8.7.2 Grouping Digits
Long numbers can be hard to read if they have too many digits. For
example, the factorial of 30 is 33 digits long! Press `d g'
(`calc-group-digits') to enable "grouping" mode, in which digits are
displayed in clumps of 3 or 4 (depending on the current radix)
separated by commas.
The `d g' command toggles grouping on and off. With a numerix
prefix of 0, this command displays the current state of the grouping
flag; with an argument of minus one it disables grouping; with a
positive argument `N' it enables grouping on every `N' digits. For
floating-point numbers, grouping normally occurs only before the
decimal point. A negative prefix argument `-N' enables grouping every
`N' digits both before and after the decimal point.

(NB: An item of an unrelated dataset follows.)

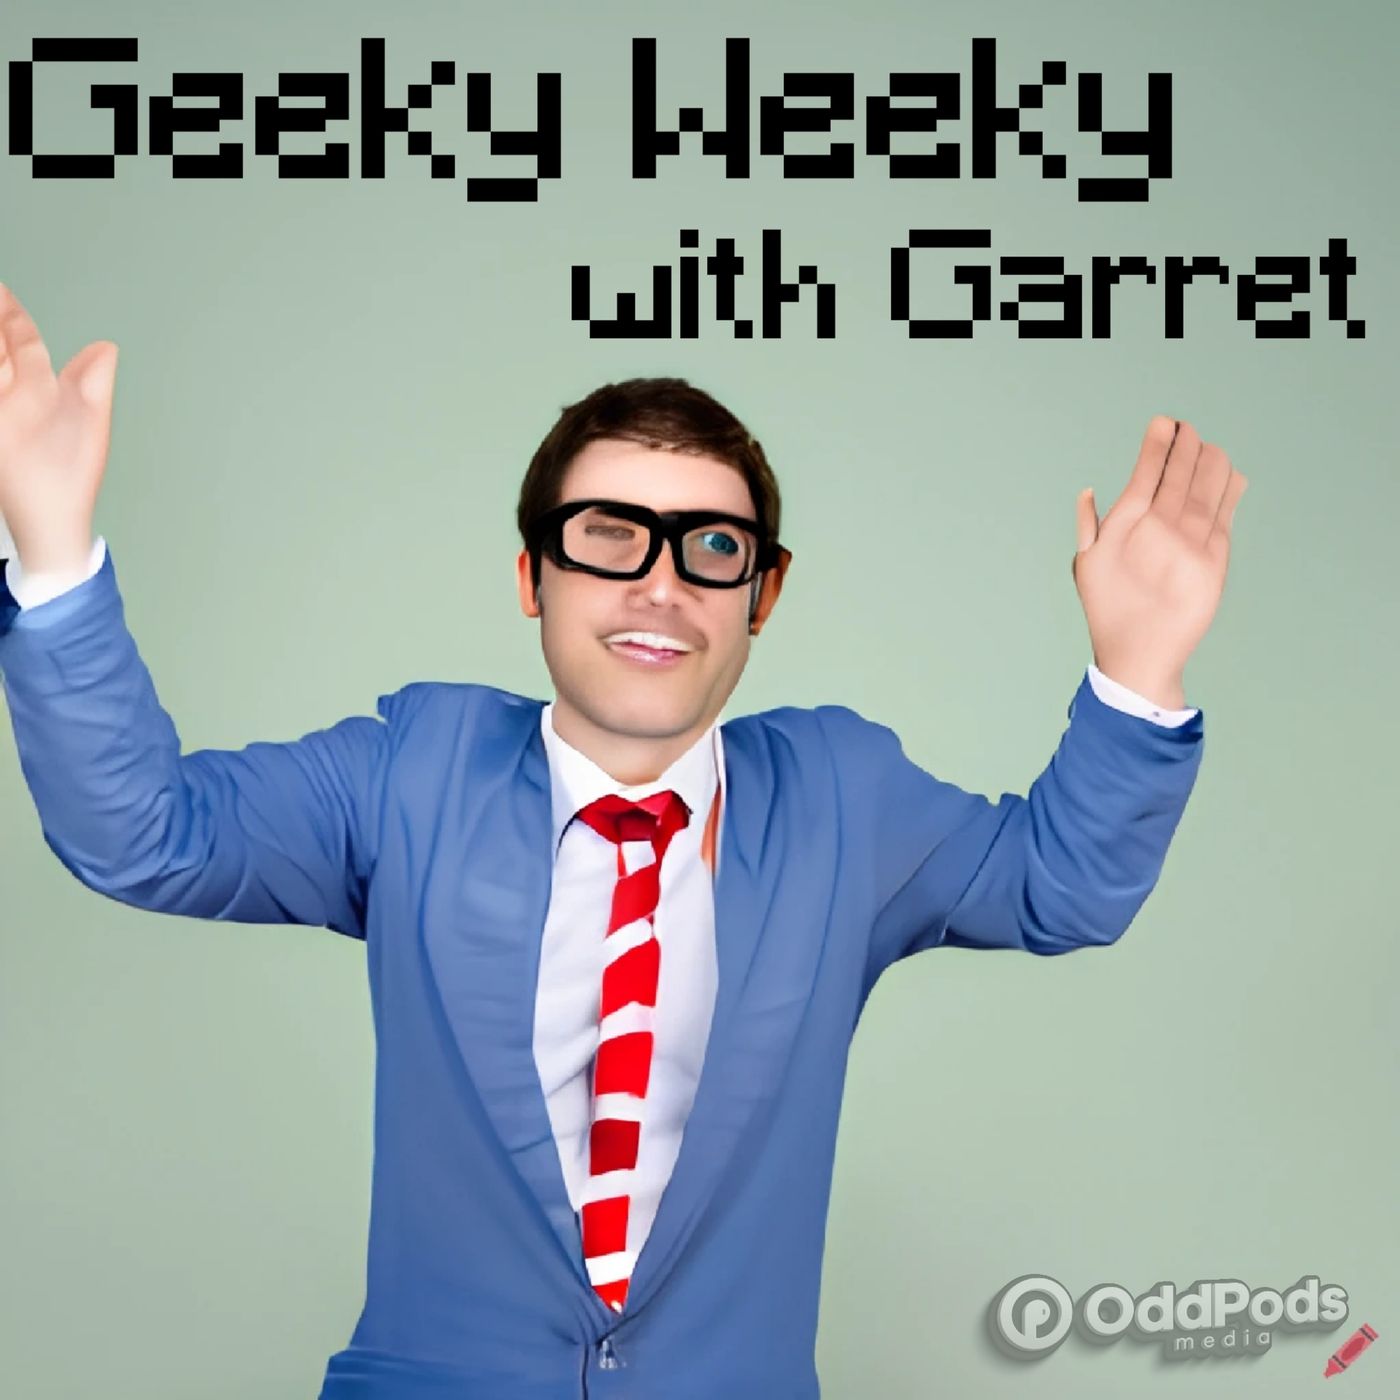 Geeky Weeky: Mayhem and Tears

The `d ,' (`calc-group-char') command allows you to choose any
character as the grouping separator. The default is the comma
character. If you find it difficult to read vectors of large integers
grouped with commas, you may wish to use spaces or some other character
instead. This command takes the next character you type, whatever it
is, and uses it as the digit separator. As a special case, `d , \'
selects `\,' (TeX's thin-space symbol) as the digit separator.
Please note that grouped numbers will not generally be parsed
correctly if re-read in textual form, say by the use of `M-# y' and
`M-# g'. (Note: Kill and Yank, for details on these commands.) One
exception is the `\,' separator, which doesn't interfere with parsing
because it is ignored by TeX language mode.